4
votes

So i have preprocessed some dicom images to feed a neural network, and in image augmentation step, the image data generator expects a 4d input while my data is 3d (200, 420, 420)

i tried reshaping the array and expanding dimensions, but in both cases i cannot plot the individual images in the array (expects image with shape 420, 420 and instead my new images have shape 420, 420, 1)

and here are my codes;

I have three functions to convert DICOM images into images with good contrast;

This one takes housefield units

def transform_to_hu(medical_image, image):
    intercept = medical_image.RescaleIntercept
    slope = medical_image.RescaleSlope
    hu_image = image * slope + intercept

    return hu_image

This one sets window image values;

def window_image(image, window_center, window_width):
    img_min = window_center - window_width // 2
    img_max = window_center + window_width // 2
    window_image = image.copy()
    window_image[window_image < img_min] = img_min
    window_image[window_image > img_max] = img_max

    return window_image

And this function loads the image:

def load_image(file_path):
    medical_image = dicom.read_file(file_path)
    image = medical_image.pixel_array

    hu_image = transform_to_hu(medical_image, image)
    brain_image = window_image(hu_image, 40, 80)
    return brain_image

Then i load my images:

files = sorted(glob.glob('F:\CT_Data_Classifier\*.dcm'))
images = np.array([load_image(path) for path in files])

images.shape returns (200, 512, 512) and everything is fine about the data, for example i can plot 100th image by plt.imshow(images[100]) and it plots an image

i then feed the data into image data generator

train_image_data = ImageDataGenerator(
    rescale=1./255,
    shear_range=0.,
    zoom_range=0.05,
    rotation_range=180,
    width_shift_range=0.05,
    height_shift_range=0.05,
    horizontal_flip=True,
    vertical_flip=True,
    fill_mode='constant',
    cval=0

but then, when i try to plot, with this code:

plt.figure(figsize=(12, 12))
for X_batch, y_batch in train_image_data.flow(trainX, trainY, batch_size=9):
    for i in range(0, 9):
        plt.subplot(330 + 1 + i)
        plt.imshow(X_batch[i])
    plt.show()
    break 

it returns

(ValueError: ('Input data in "NumpyArrayIterator" should have rank 4. You passed an array with shape', (162, 420, 420)))

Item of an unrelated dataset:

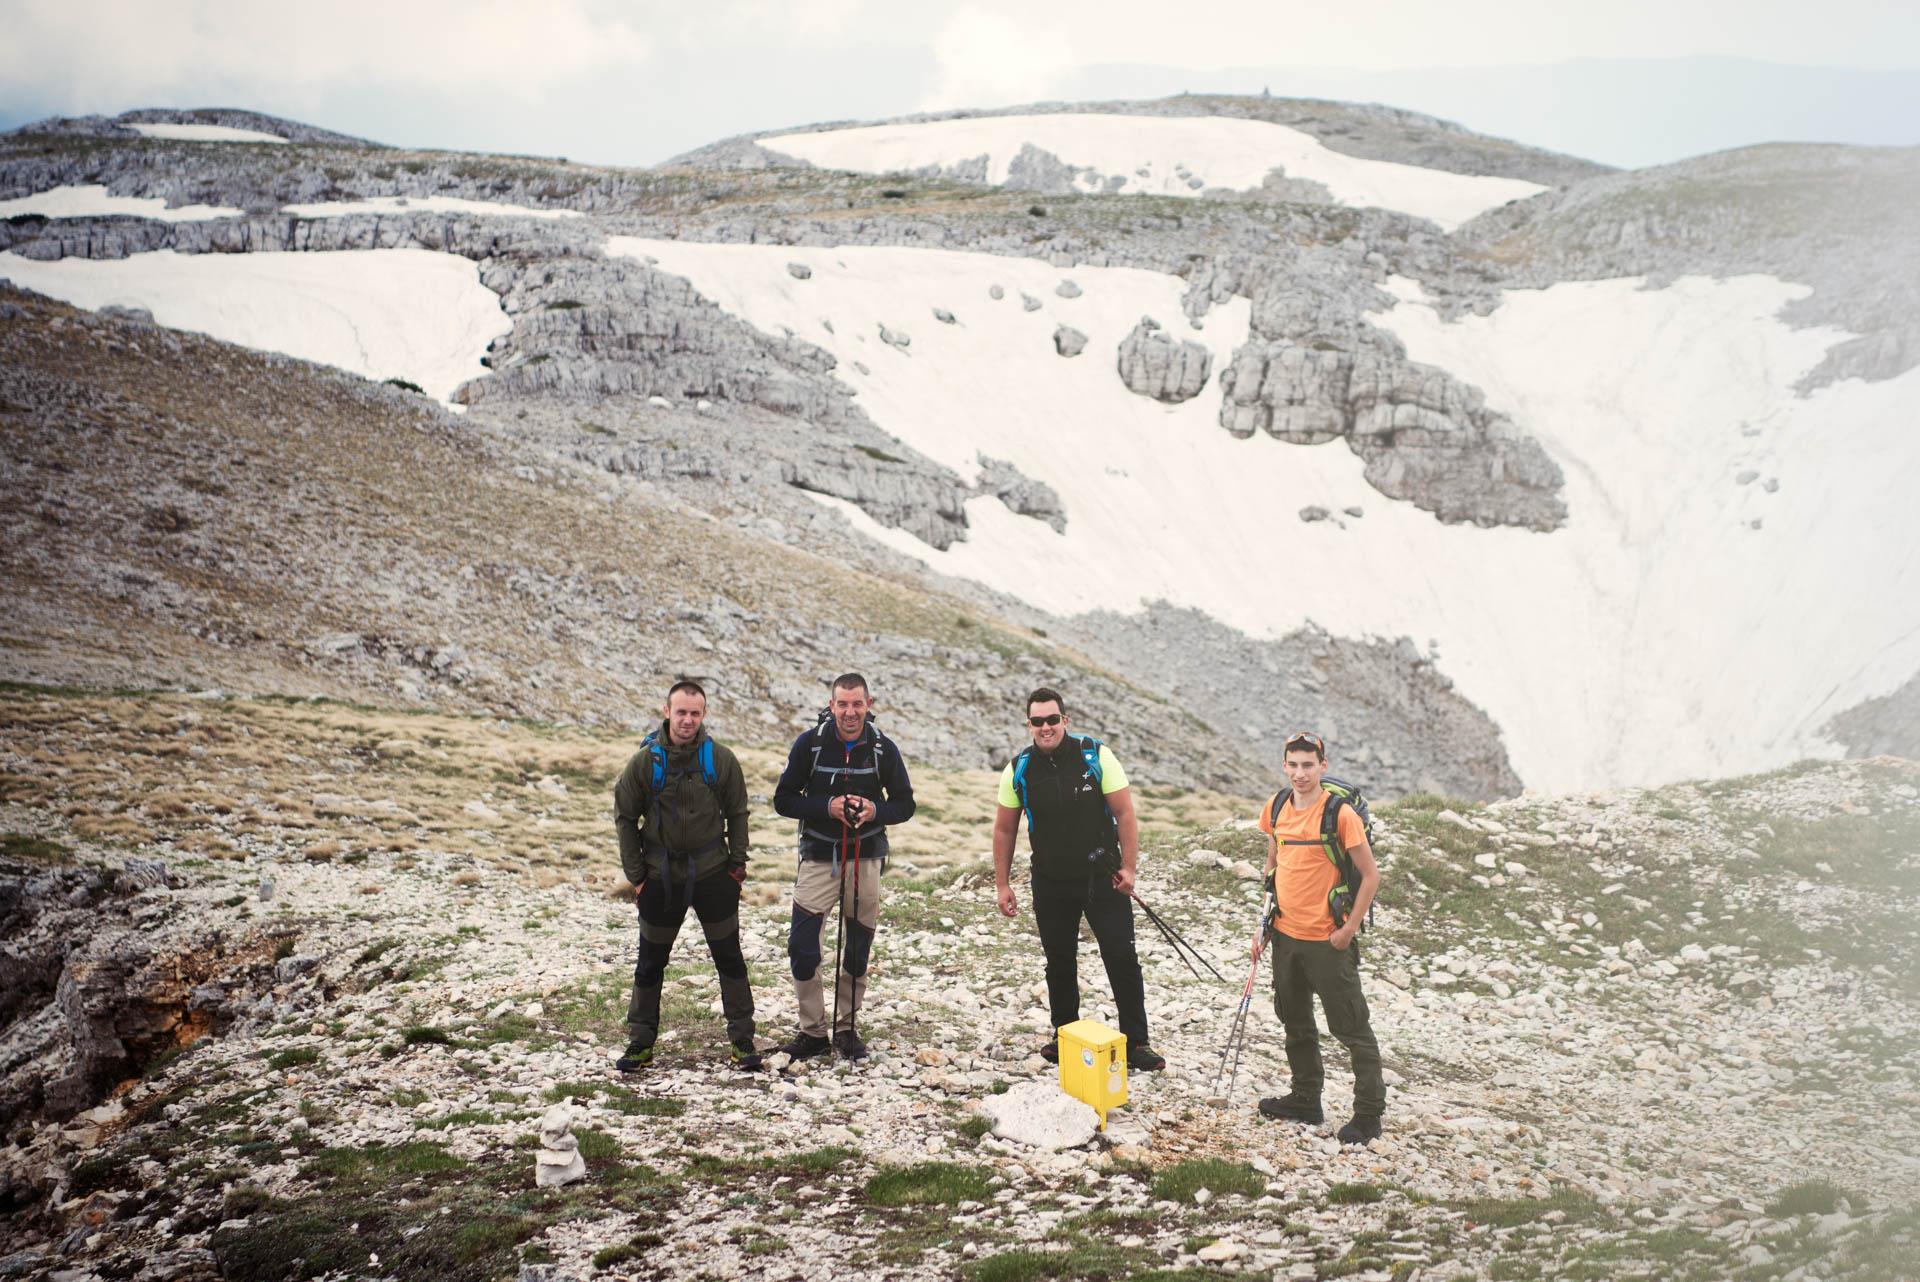 04062017-planinari-plocno6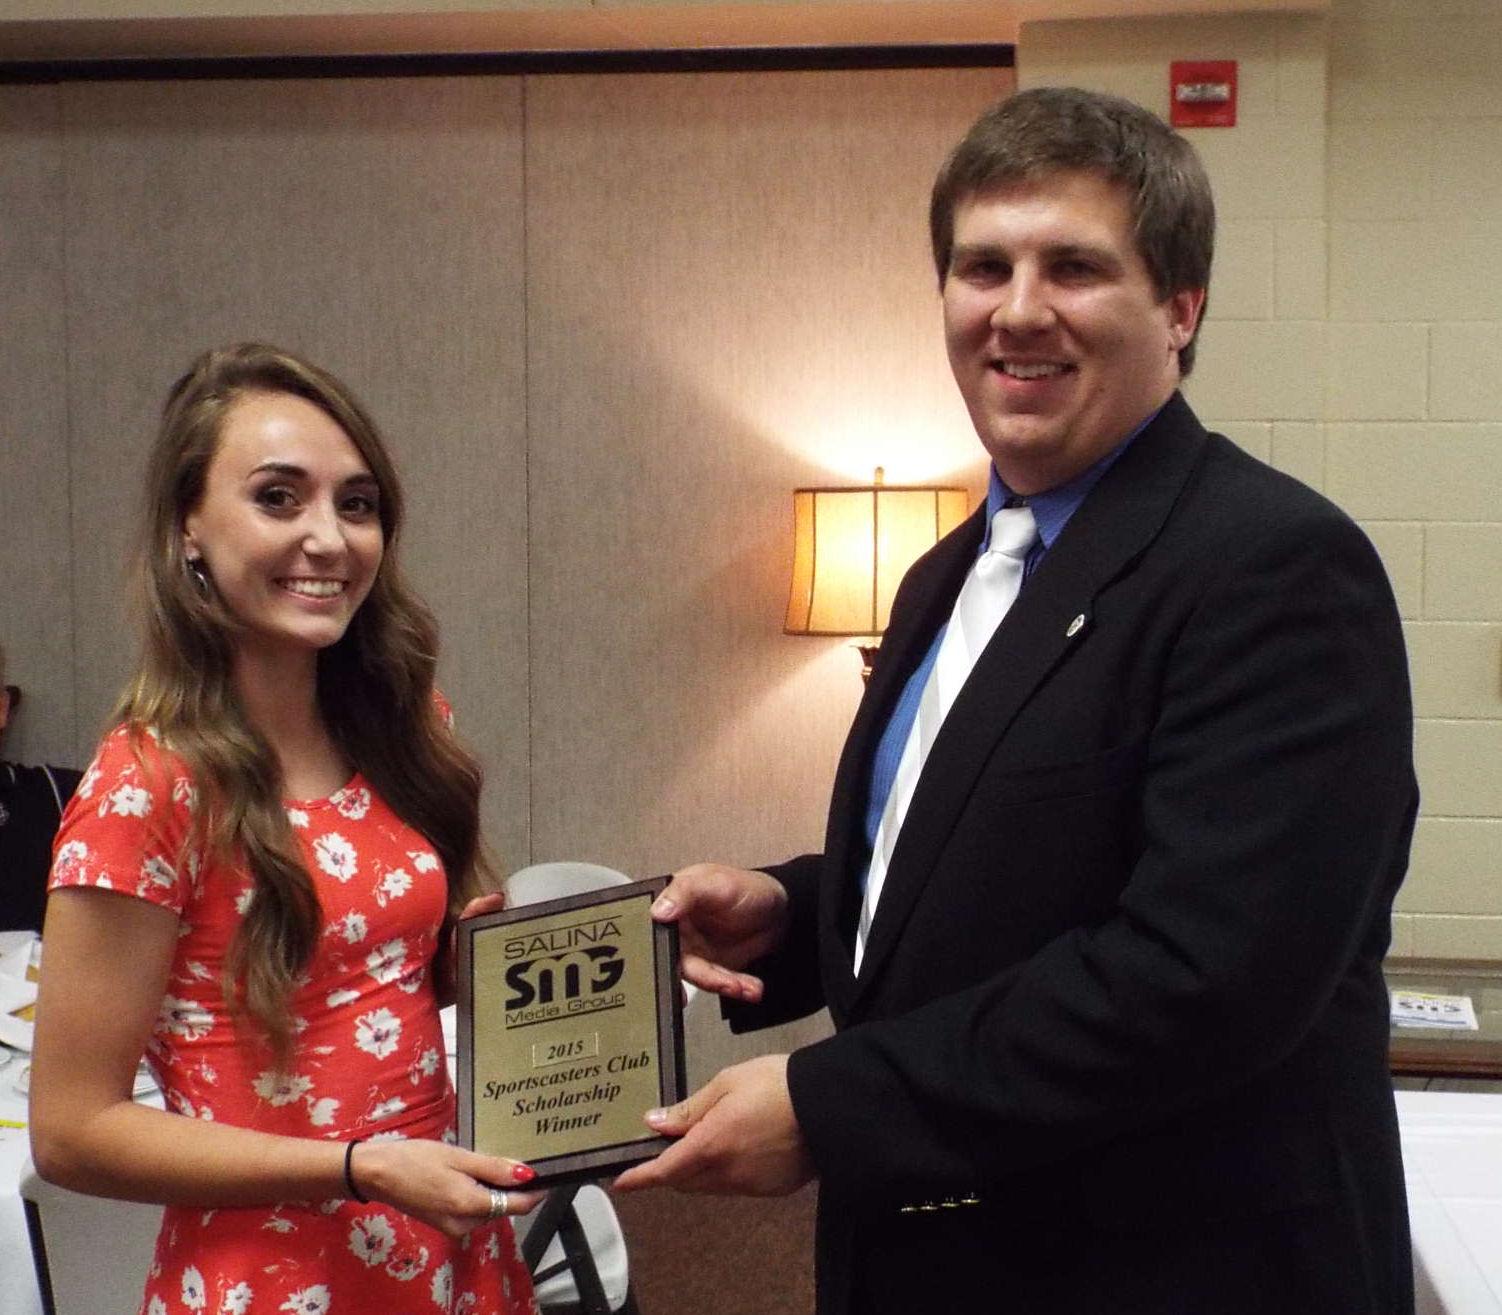 Ell-Saline scholarship winner Emma Drees and KSAL's Mike Hammett.

i tried expand_dims and reshape to add an extra dimension at the end of the array to represent channels but then it returns

TypeError: Invalid shape (420, 420, 1) for image data

in the plt.imshow stage

im a doctor and not an experienced programmer, so i would really appreciate your help. cheers.

1
Please see my answer. One question: are you training on slices of the dicom? or do you want to train on volumetric data? the image data generator is meant for images, not volumes.jakub
Hello jakub, yes i am training on DICOM slices not on volumetric data. Do you know a good resource where i can learn how to train the model on volumetric data?Şiyar Bahadır
I made a framework on top of tensorflow/keras for training on volumetric data. github.com/neuronets/nobrainer But in general, i referred to blog posts and journal articles on doing this. Please try out the framework i linked to, as it is meant to help people who are not necessarily experienced programmers. And please feel free to submit an issue on the github repository if you run into problems or have questions.jakub
Wow you are great!!! thanks a lotŞiyar Bahadır

1 Answers

2
votes

You are correct in adding an extra dimension to represent channels. That part seems fine. The problem is with plotting. For that, you can use:

plt.matshow(x[..., 0]).

where x is the 3D array. The syntax x[..., 0] means take index 0 of the last dimension of array x. The ellipsis (...) is shorthand to fill in the dimensions. For a 3D array, the equivalent call would be x[:, :, 0].